_Stored dataset items_
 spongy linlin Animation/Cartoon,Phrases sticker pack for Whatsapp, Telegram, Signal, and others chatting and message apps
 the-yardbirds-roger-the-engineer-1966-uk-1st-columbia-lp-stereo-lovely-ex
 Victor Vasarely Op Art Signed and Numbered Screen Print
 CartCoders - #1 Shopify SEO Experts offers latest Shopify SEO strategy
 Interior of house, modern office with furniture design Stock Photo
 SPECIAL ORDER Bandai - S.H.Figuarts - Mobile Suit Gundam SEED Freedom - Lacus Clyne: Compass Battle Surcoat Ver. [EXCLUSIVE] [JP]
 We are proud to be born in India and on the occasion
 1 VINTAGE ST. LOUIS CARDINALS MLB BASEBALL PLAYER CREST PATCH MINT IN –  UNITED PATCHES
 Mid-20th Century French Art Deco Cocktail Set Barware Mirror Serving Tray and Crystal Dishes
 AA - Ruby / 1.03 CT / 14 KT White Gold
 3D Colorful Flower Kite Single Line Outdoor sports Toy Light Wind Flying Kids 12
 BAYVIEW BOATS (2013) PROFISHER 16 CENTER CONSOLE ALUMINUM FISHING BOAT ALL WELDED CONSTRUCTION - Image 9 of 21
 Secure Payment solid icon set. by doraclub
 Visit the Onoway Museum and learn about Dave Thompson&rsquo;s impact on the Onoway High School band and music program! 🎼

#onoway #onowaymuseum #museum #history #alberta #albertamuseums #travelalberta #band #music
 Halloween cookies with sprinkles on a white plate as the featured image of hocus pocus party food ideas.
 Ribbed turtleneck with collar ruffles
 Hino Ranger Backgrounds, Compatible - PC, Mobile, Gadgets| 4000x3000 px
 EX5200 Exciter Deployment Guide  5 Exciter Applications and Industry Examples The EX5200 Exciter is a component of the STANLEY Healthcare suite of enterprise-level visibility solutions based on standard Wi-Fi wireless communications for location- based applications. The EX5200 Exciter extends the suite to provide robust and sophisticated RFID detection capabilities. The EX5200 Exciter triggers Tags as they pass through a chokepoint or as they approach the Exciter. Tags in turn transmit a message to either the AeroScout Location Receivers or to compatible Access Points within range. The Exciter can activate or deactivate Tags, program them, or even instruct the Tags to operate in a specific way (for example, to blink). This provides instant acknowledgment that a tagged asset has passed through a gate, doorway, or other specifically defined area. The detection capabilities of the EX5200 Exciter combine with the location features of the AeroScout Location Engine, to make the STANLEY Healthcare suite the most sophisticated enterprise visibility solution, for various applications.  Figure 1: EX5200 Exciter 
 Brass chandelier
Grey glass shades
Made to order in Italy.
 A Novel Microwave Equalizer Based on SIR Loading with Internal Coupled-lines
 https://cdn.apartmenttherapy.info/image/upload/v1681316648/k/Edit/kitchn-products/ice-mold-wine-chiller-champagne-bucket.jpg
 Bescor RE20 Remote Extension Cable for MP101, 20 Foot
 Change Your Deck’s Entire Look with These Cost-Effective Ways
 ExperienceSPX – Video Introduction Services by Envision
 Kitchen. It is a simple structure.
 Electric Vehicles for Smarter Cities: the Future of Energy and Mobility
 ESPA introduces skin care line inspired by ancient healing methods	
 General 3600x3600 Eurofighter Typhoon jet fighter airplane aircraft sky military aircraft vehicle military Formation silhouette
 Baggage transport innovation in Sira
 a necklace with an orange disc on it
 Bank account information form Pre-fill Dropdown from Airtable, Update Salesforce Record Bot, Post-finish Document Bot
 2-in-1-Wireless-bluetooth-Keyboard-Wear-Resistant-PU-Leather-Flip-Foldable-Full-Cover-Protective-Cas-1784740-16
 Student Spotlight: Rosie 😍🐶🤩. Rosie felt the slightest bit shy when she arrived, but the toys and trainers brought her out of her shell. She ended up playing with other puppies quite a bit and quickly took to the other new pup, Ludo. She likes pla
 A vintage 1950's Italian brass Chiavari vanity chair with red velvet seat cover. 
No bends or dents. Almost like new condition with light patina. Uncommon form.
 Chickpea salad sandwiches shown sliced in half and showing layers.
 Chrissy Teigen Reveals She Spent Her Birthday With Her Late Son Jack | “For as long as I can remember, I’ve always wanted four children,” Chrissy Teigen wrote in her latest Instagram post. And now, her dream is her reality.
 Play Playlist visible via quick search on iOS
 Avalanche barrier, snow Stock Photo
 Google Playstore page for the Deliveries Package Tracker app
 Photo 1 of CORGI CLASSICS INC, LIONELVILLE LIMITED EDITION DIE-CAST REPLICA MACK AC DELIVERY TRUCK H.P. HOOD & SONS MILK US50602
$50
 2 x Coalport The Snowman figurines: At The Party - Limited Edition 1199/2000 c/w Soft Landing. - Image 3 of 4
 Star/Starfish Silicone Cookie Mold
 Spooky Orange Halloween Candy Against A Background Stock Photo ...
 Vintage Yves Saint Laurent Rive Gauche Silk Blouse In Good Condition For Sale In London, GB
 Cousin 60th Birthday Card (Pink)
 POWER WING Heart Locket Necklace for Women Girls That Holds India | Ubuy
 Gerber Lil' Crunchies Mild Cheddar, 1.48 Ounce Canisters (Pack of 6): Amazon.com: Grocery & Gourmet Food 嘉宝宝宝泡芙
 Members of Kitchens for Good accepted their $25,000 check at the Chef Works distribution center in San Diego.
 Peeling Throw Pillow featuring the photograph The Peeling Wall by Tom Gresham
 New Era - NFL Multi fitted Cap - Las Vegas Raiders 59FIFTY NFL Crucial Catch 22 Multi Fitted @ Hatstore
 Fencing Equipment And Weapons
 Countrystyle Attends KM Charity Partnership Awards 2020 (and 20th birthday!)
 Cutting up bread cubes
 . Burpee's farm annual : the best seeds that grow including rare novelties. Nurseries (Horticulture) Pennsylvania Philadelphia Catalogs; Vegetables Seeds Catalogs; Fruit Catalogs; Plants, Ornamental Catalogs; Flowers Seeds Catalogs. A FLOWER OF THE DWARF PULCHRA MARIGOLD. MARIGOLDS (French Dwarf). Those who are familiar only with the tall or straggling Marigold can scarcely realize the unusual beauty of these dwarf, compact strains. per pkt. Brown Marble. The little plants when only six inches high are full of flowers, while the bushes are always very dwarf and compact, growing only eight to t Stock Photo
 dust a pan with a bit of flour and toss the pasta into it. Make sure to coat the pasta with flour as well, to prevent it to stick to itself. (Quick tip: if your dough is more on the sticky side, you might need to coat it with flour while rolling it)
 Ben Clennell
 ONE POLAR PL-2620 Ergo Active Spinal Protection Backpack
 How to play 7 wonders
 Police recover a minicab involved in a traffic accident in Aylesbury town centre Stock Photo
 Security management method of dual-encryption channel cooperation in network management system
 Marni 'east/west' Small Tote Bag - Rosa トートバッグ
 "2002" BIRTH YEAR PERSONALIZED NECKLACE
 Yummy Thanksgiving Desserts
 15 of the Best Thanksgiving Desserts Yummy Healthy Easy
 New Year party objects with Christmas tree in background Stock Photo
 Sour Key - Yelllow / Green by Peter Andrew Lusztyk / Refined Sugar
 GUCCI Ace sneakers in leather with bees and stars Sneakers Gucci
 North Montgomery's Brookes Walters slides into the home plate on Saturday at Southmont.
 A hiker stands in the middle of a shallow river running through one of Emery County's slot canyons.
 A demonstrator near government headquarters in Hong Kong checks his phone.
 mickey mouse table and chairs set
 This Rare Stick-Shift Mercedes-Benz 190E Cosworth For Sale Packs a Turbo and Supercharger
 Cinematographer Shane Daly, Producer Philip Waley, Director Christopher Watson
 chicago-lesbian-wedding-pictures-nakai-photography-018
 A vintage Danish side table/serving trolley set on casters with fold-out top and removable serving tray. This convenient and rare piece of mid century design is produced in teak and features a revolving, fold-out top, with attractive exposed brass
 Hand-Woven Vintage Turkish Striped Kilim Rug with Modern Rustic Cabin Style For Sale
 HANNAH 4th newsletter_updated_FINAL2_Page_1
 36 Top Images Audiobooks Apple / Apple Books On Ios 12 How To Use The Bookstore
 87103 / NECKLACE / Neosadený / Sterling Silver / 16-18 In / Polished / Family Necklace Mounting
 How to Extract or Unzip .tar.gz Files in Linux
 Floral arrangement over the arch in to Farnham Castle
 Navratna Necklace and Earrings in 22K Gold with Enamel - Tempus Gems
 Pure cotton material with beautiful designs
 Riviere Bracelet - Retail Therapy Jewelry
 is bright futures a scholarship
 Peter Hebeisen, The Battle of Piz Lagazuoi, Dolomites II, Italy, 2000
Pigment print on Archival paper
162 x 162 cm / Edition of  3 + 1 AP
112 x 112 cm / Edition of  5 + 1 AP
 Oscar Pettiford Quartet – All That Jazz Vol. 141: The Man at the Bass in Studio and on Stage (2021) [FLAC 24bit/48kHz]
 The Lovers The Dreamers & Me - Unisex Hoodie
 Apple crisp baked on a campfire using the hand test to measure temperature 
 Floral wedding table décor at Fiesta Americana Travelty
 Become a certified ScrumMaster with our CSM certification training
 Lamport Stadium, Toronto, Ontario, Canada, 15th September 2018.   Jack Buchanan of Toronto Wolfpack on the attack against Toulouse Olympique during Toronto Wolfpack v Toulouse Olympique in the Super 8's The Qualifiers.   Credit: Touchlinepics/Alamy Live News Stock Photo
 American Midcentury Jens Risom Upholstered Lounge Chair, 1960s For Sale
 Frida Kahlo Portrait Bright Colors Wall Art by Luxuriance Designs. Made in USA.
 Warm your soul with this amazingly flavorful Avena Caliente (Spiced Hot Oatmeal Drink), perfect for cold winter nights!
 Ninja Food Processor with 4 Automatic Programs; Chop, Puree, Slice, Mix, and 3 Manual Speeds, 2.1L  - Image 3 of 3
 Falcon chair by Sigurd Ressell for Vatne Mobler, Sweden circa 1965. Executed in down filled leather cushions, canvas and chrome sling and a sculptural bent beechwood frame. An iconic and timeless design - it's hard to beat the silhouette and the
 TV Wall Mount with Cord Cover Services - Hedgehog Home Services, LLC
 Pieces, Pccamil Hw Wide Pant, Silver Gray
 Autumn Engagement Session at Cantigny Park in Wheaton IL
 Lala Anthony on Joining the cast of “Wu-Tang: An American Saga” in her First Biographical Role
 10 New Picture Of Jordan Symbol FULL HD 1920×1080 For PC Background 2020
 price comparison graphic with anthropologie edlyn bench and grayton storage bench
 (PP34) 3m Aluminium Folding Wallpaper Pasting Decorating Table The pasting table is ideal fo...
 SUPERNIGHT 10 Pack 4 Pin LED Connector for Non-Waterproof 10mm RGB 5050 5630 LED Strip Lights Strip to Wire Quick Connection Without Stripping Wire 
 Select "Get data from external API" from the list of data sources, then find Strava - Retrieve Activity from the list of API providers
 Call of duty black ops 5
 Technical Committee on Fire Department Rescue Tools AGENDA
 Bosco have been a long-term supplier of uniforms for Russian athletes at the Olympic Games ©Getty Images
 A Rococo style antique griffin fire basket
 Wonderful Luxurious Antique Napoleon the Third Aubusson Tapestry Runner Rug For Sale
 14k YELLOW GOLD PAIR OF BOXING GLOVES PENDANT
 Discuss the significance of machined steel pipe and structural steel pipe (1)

_Task to carry out_
For the string "Thanksgiving", search the preceding data and copy every line that includes it.

_Task response_
 Yummy Thanksgiving Desserts
 15 of the Best Thanksgiving Desserts Yummy Healthy Easy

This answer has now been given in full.